◆ Dataset content:
- - -
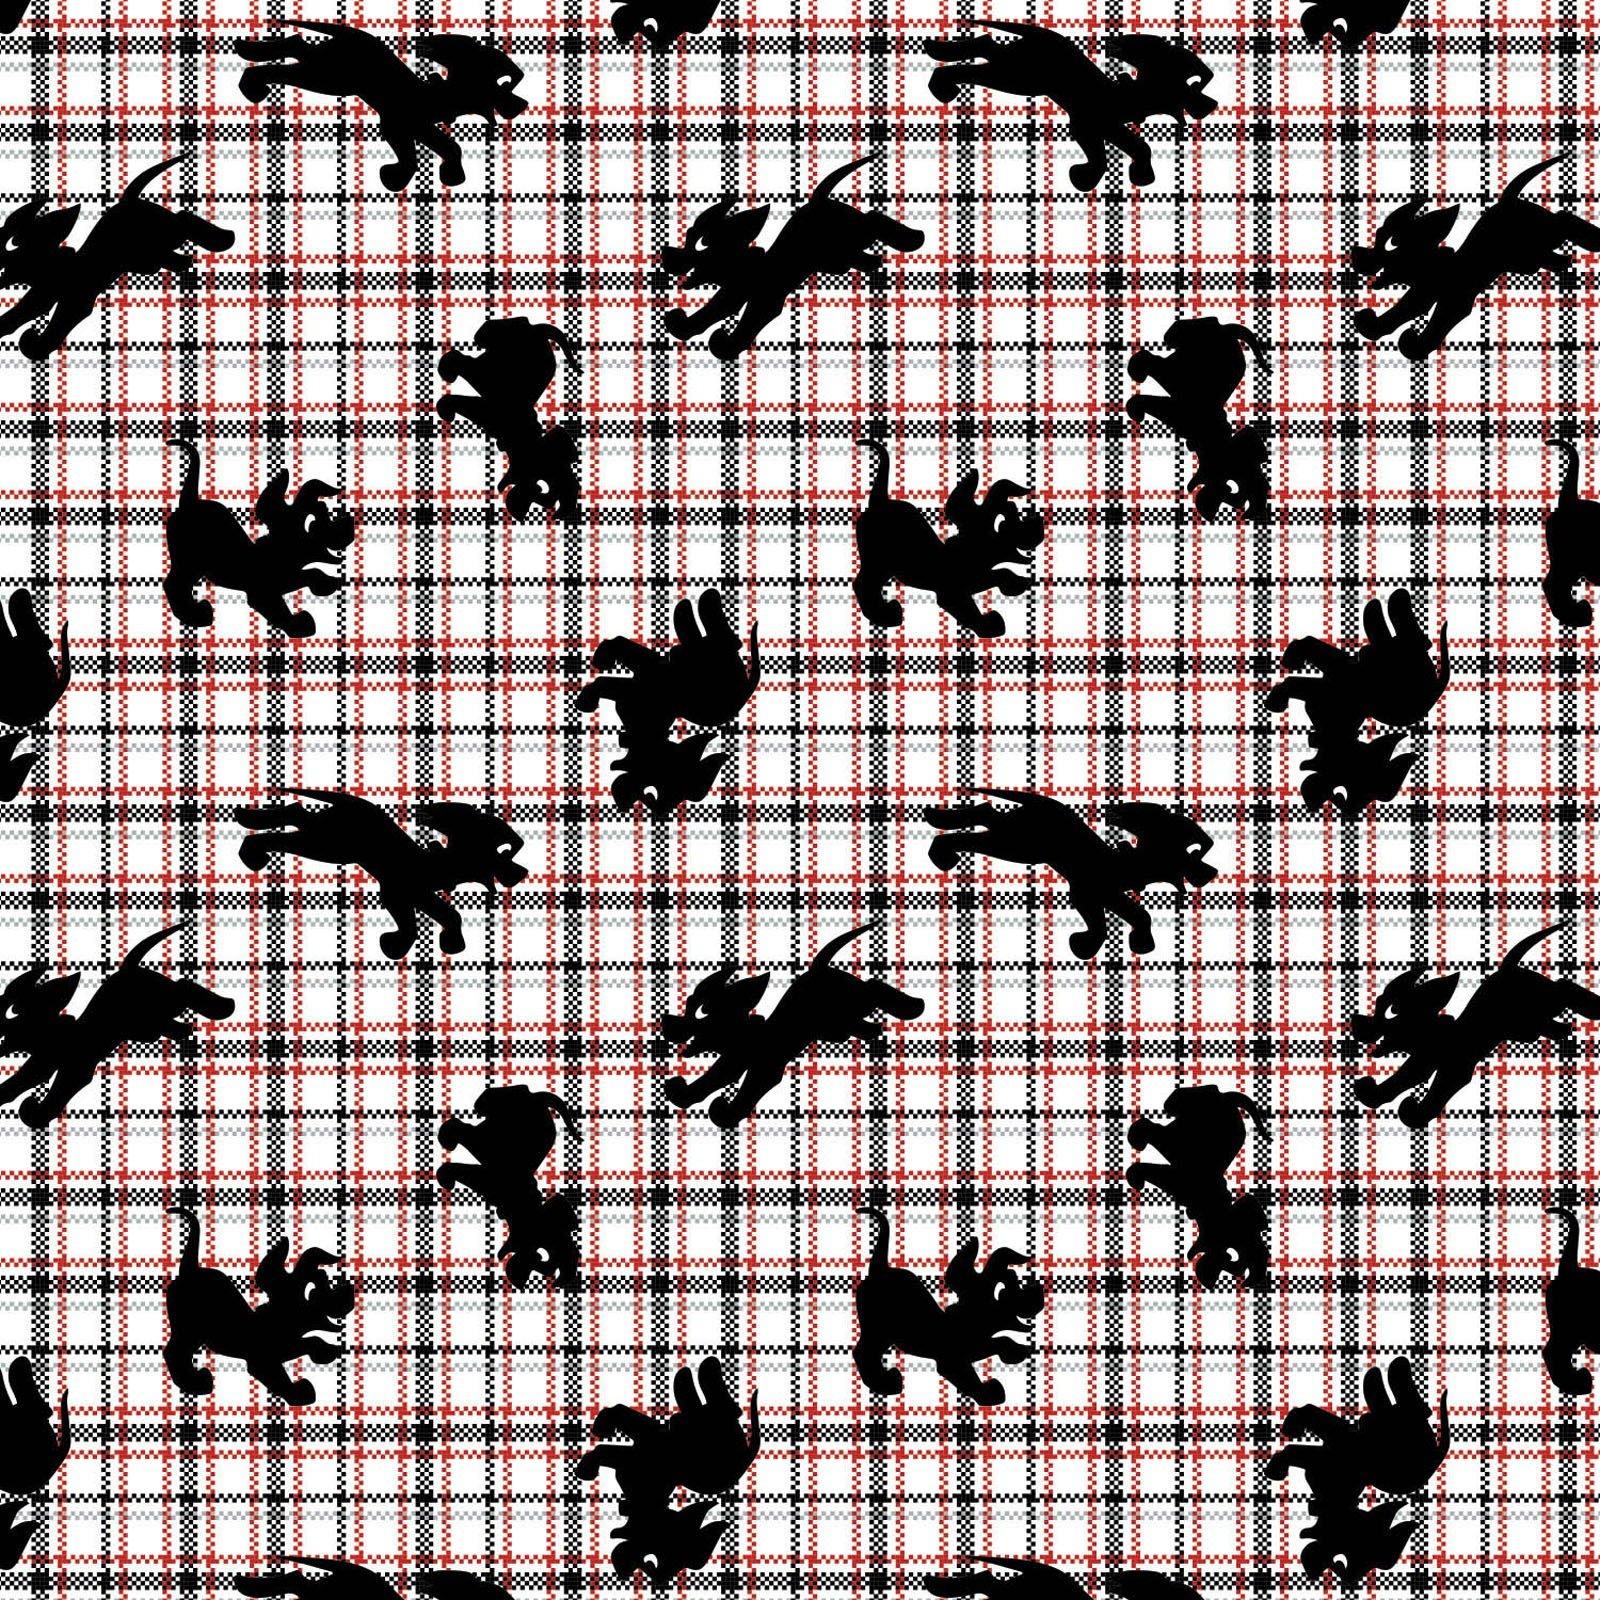 Camelot Fabrics Disney 101 Dalmatians Family Portrait 85010202 2 Puppy Plaid $11.50/yd
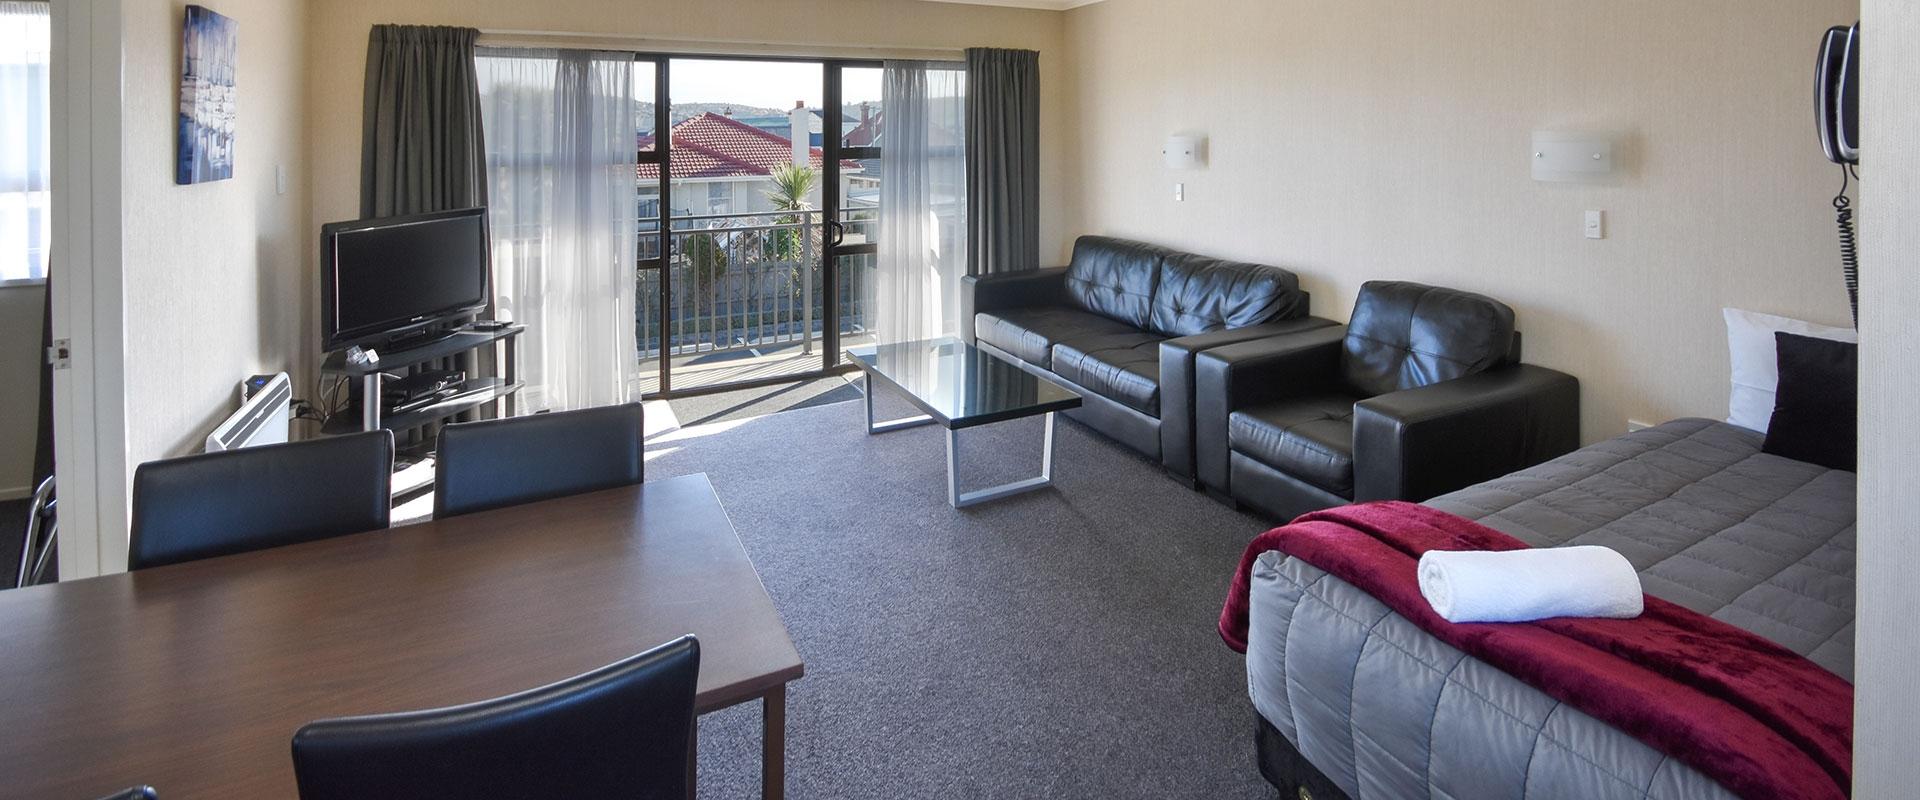 sunny motel rooms
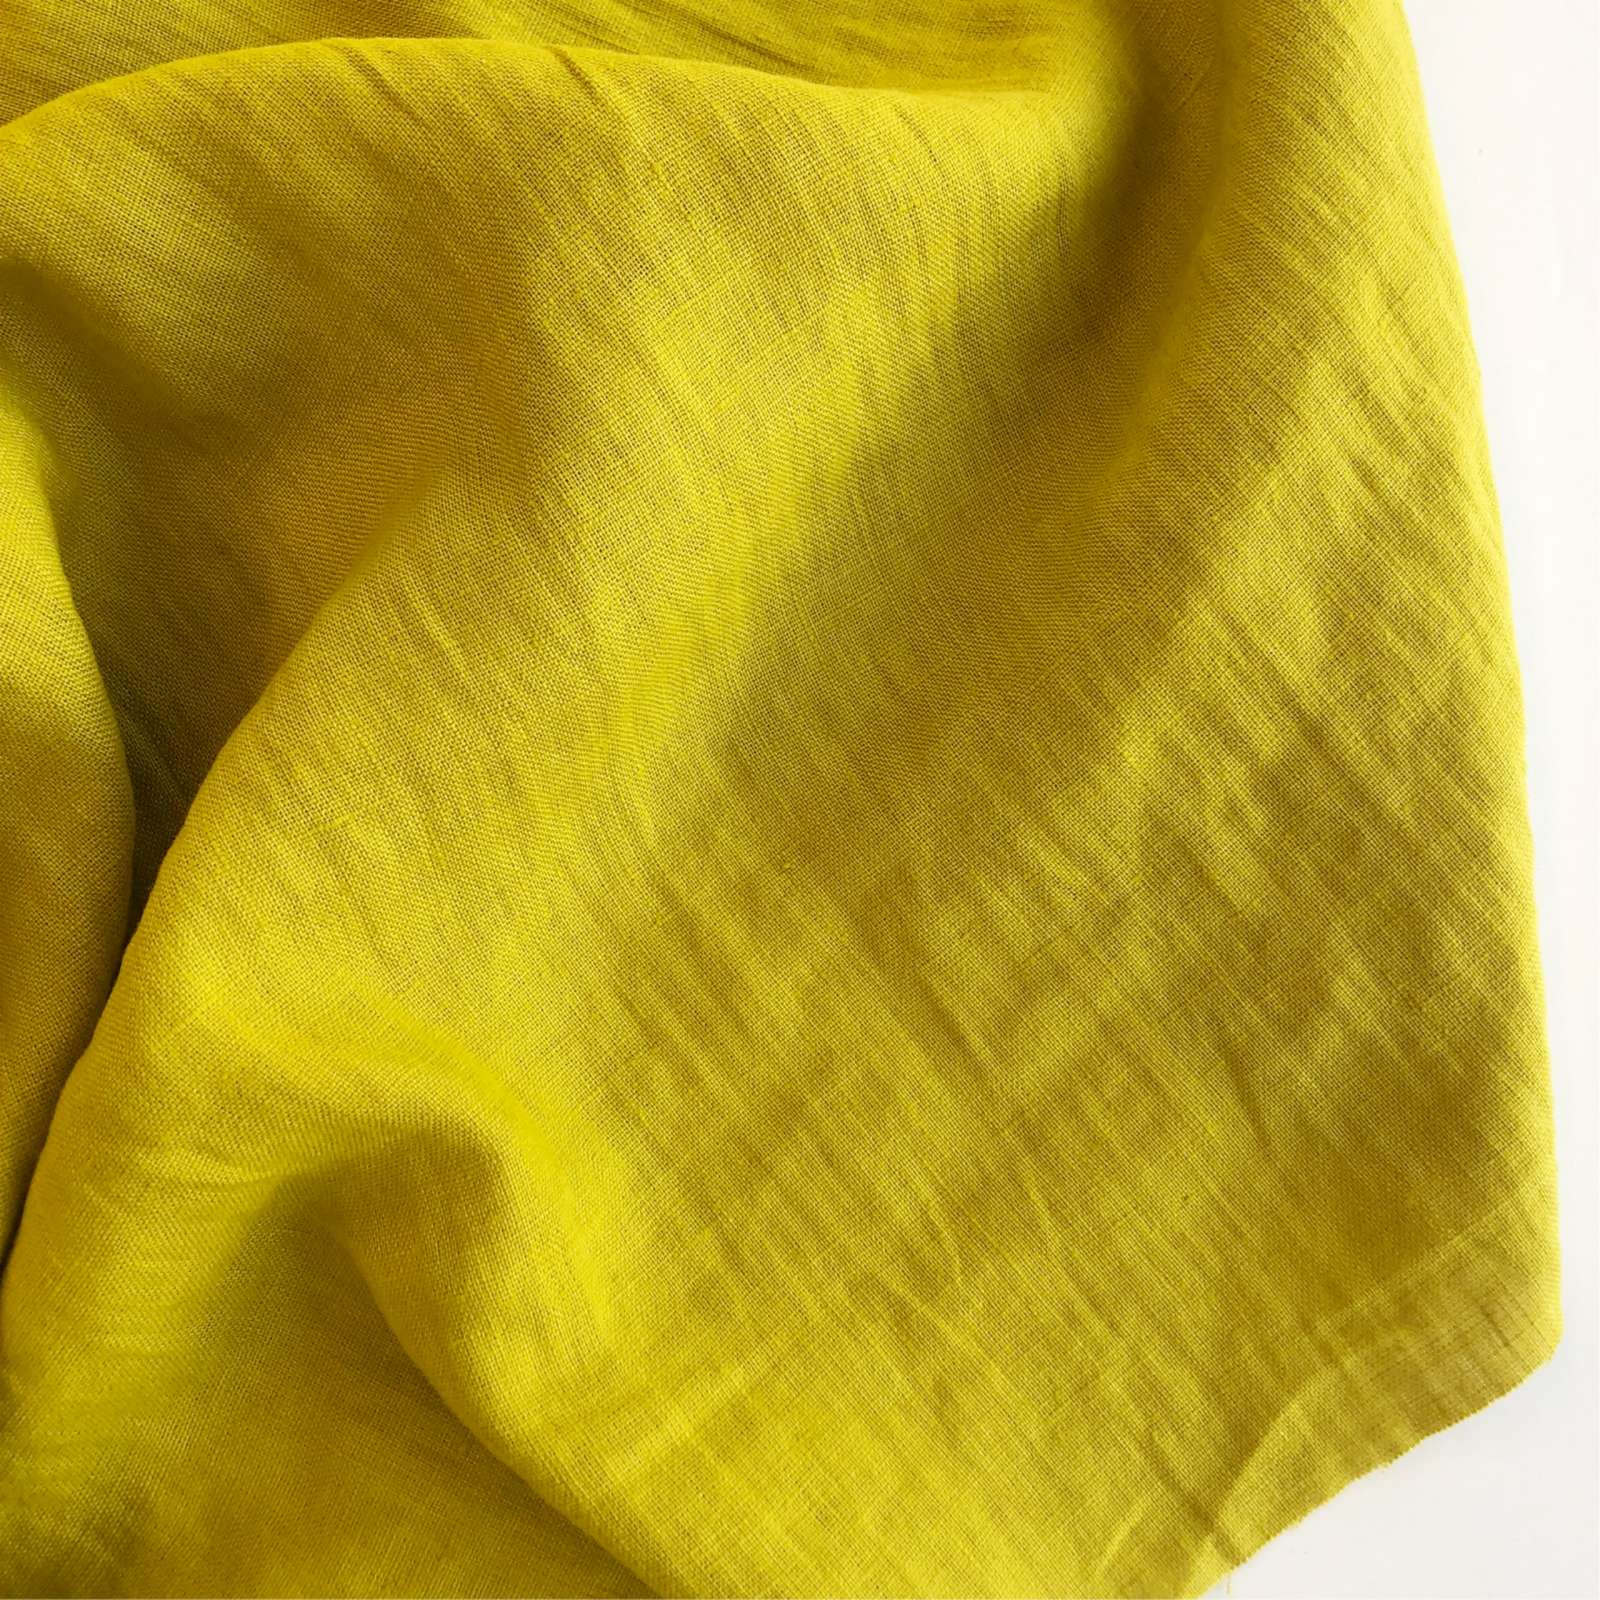 Merchant & Mills Laundered Linen - Chartreuse Yellow 56
- - -
◆ Exercise requirements:
Give back each line above exactly, with pictures dropped.

◆ Output for this exercise:
 Camelot Fabrics Disney 101 Dalmatians Family Portrait 85010202 2 Puppy Plaid $11.50/yd
 sunny motel rooms
 Merchant & Mills Laundered Linen - Chartreuse Yellow 56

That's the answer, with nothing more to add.